● **REQUIRED ACTION**:
Everything from the line with "Bir diğer kanayan" down to the line with "Video: Hẹn hò" below must be printed exactly, those two lines included. Exclude pictures.

● **ENTRIES SHOWN**:

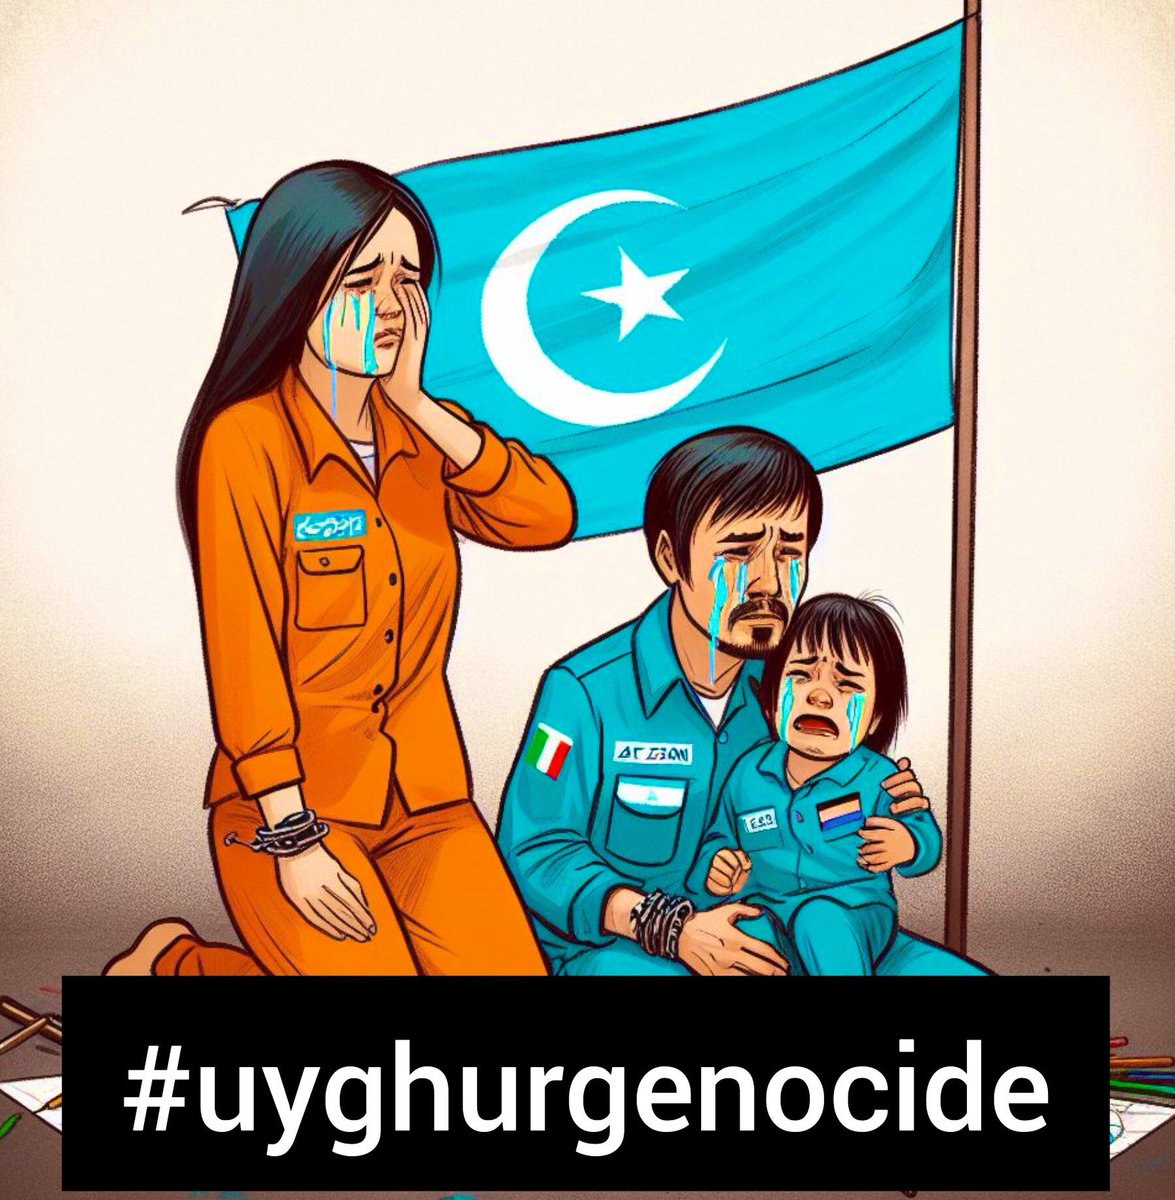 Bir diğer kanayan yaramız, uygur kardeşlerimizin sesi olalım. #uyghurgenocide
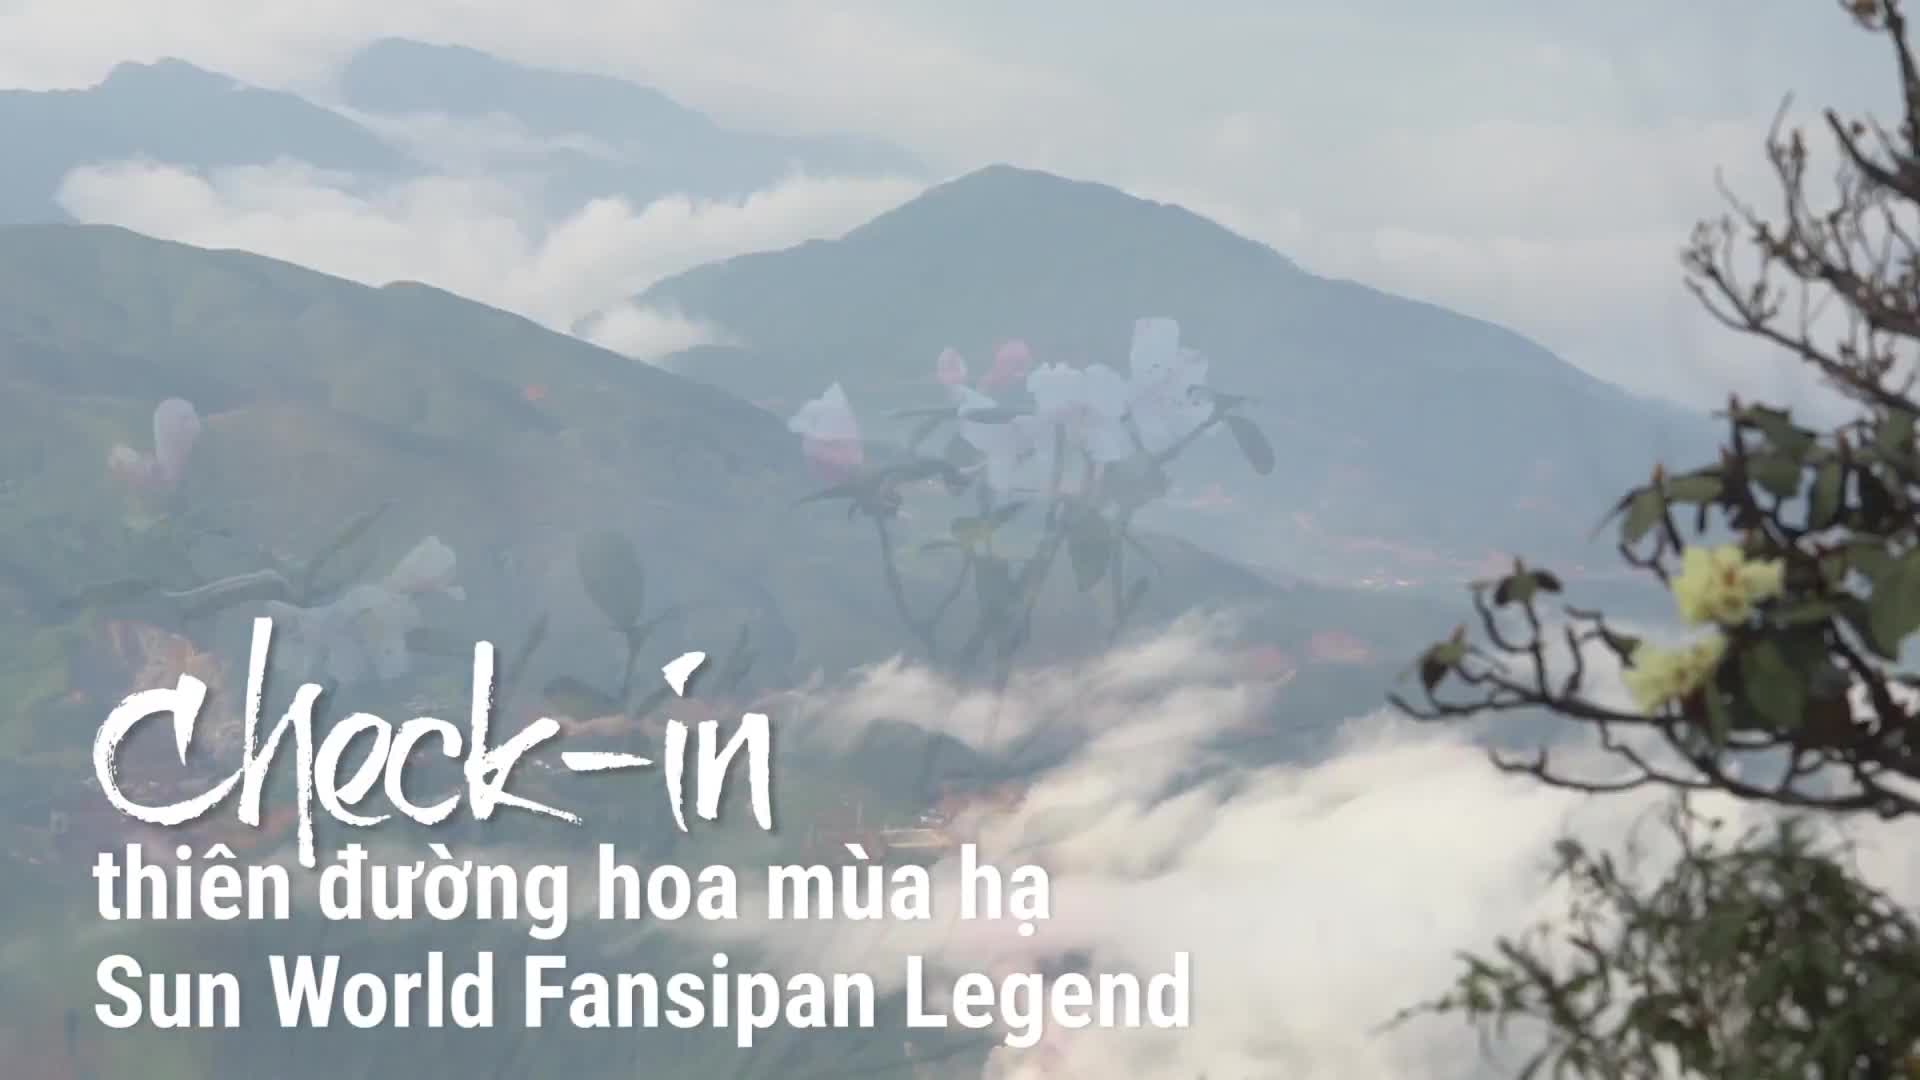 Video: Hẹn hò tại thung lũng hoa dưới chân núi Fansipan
...
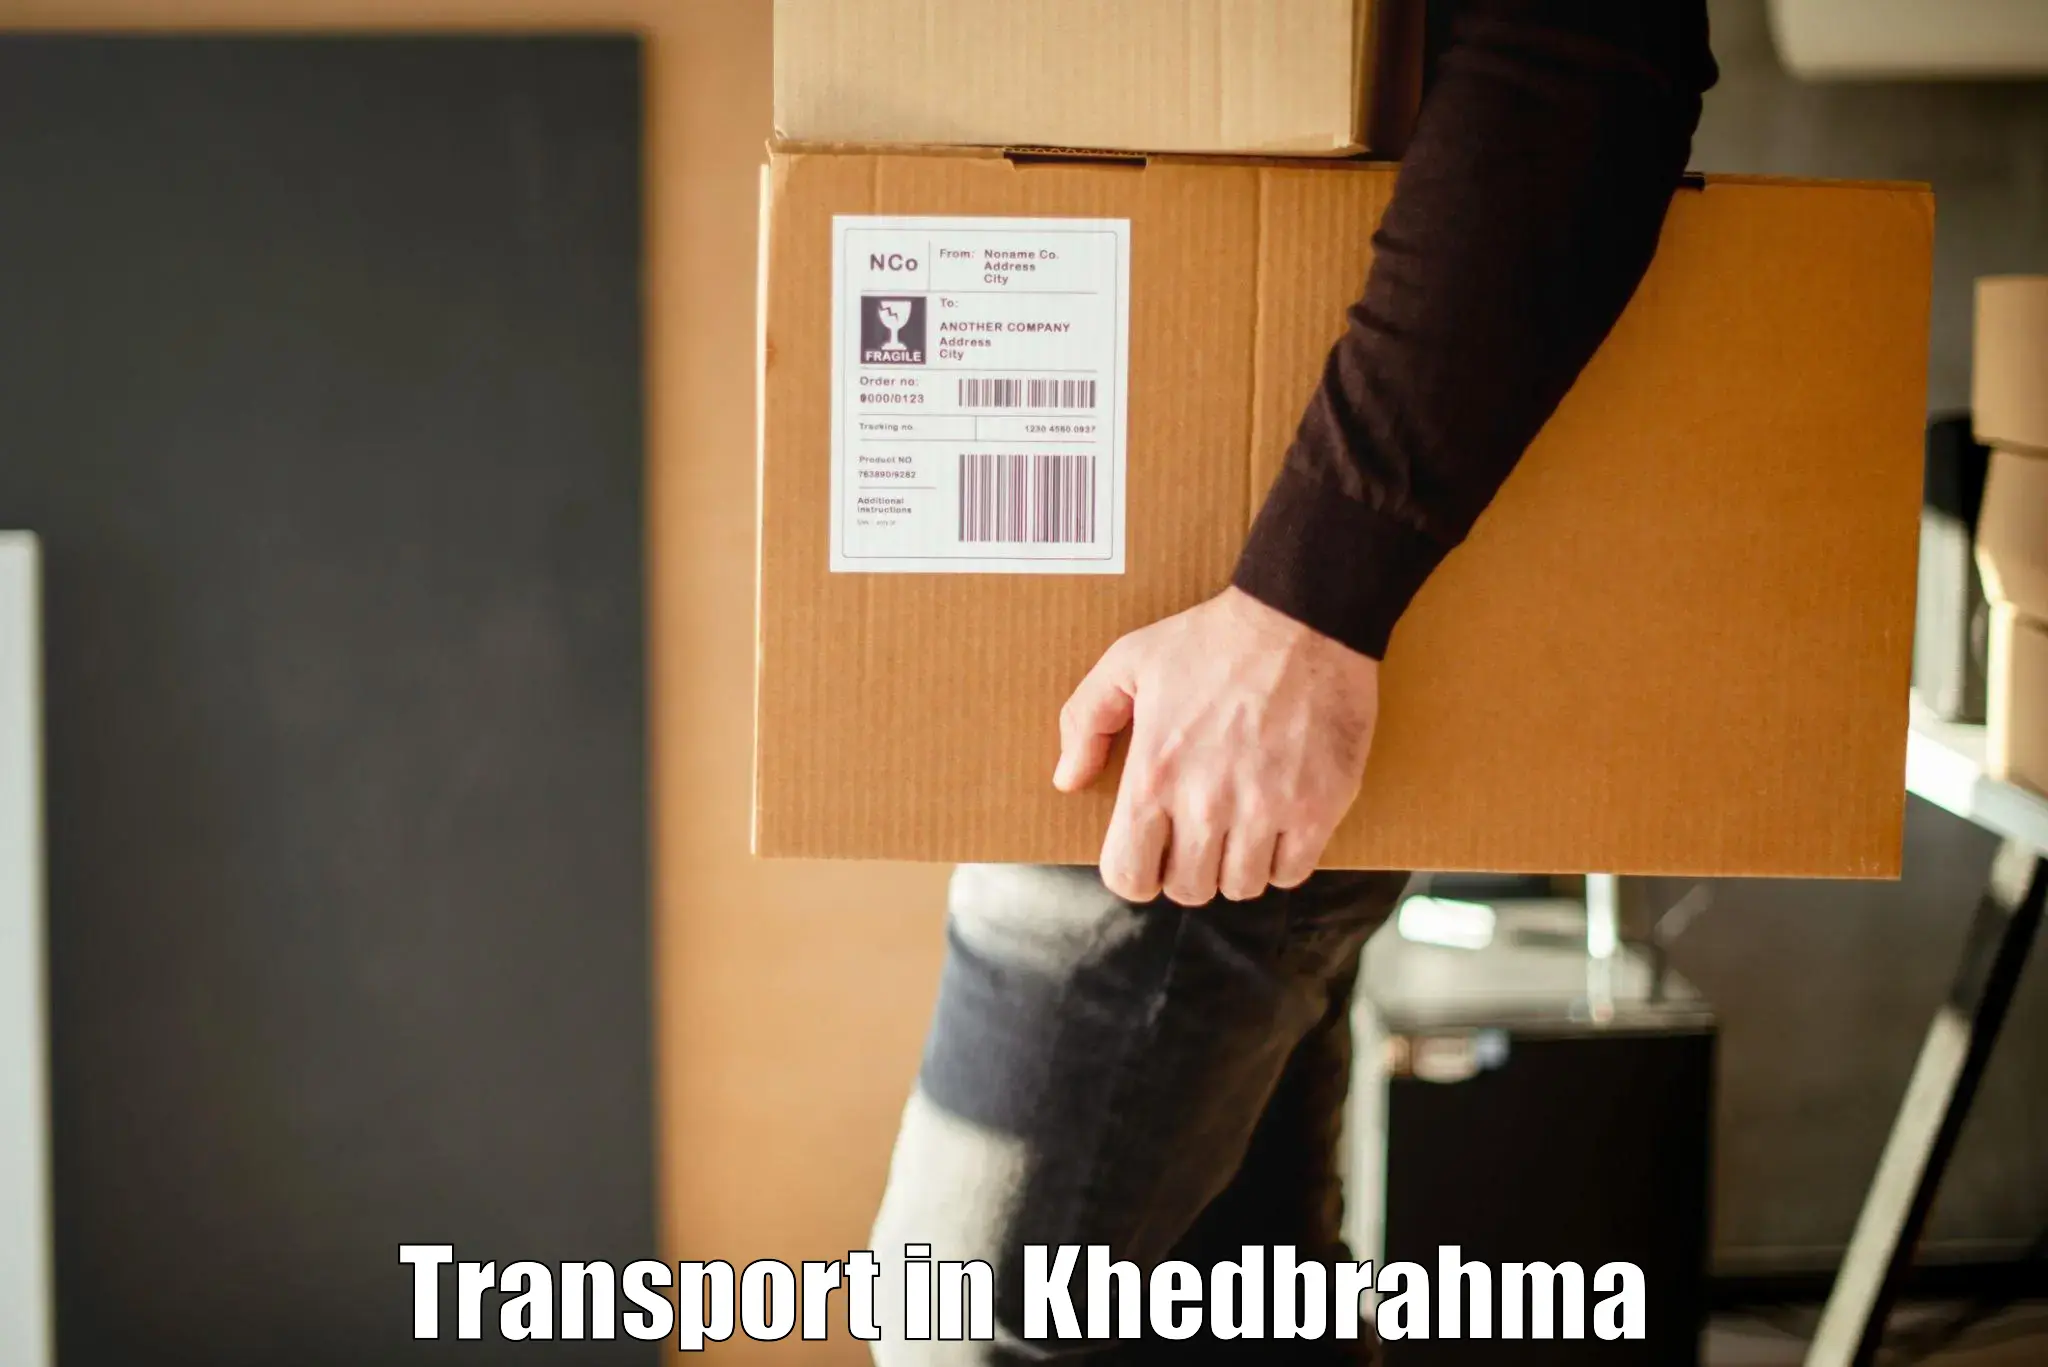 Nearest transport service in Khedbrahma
---
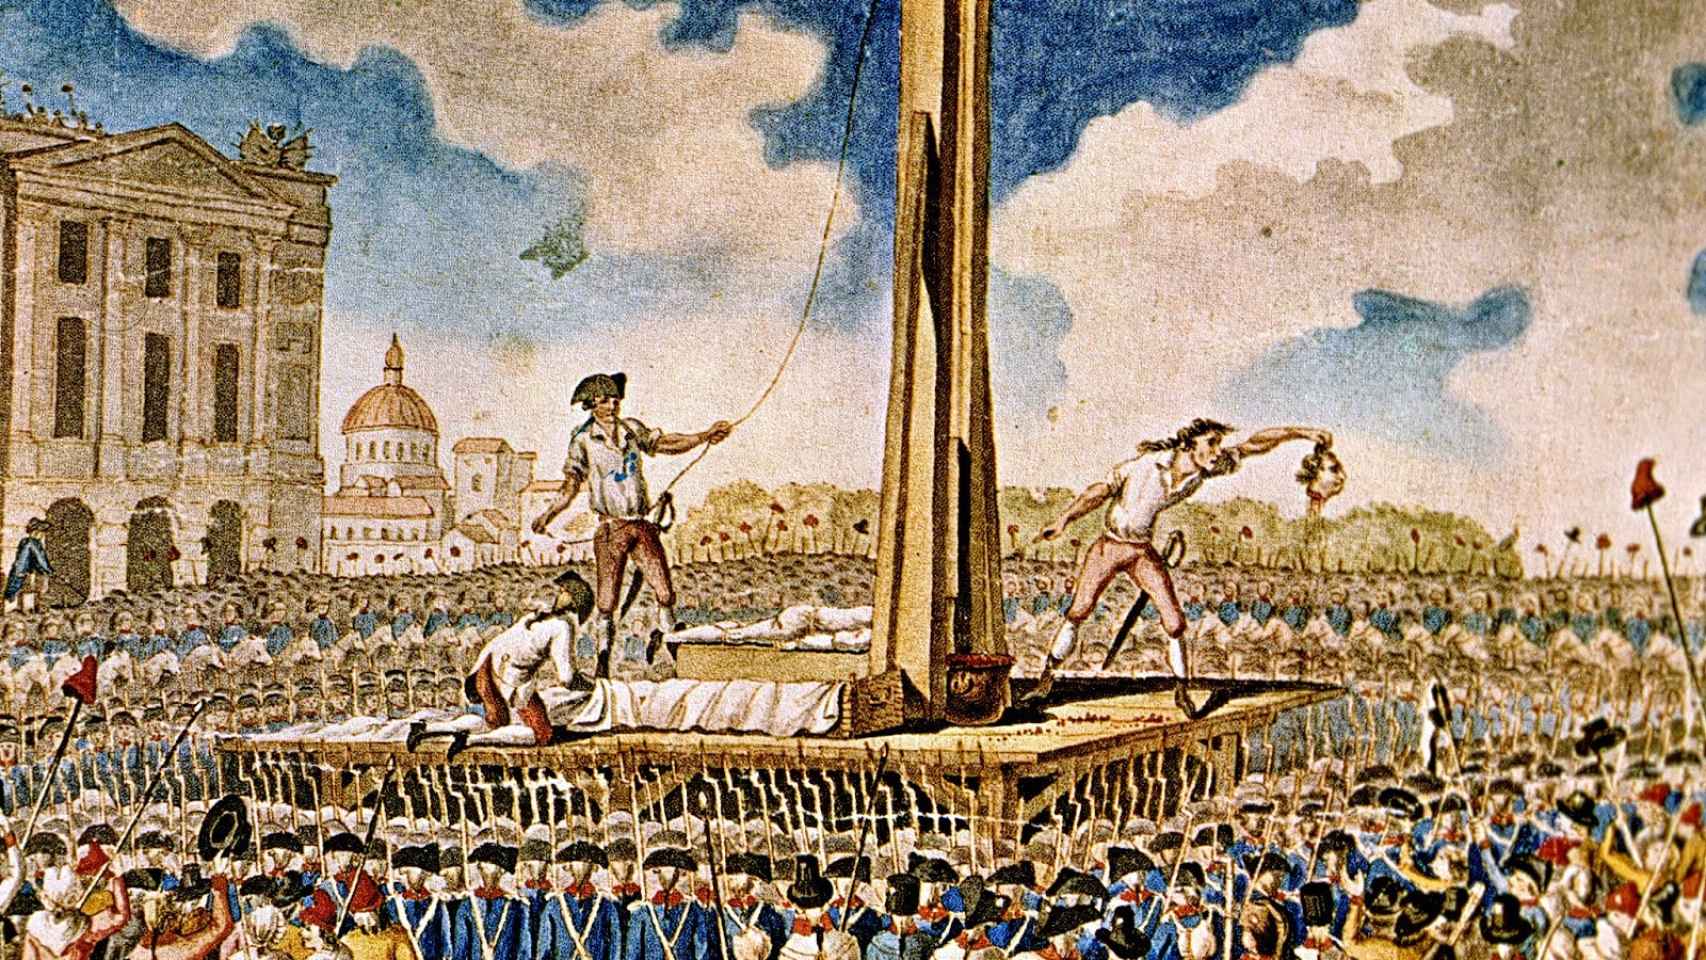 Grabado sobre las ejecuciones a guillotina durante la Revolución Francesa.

● **EXERCISE SOLUTION**:
 Bir diğer kanayan yaramız, uygur kardeşlerimizin sesi olalım. #uyghurgenocide
 Video: Hẹn hò tại thung lũng hoa dưới chân núi Fansipan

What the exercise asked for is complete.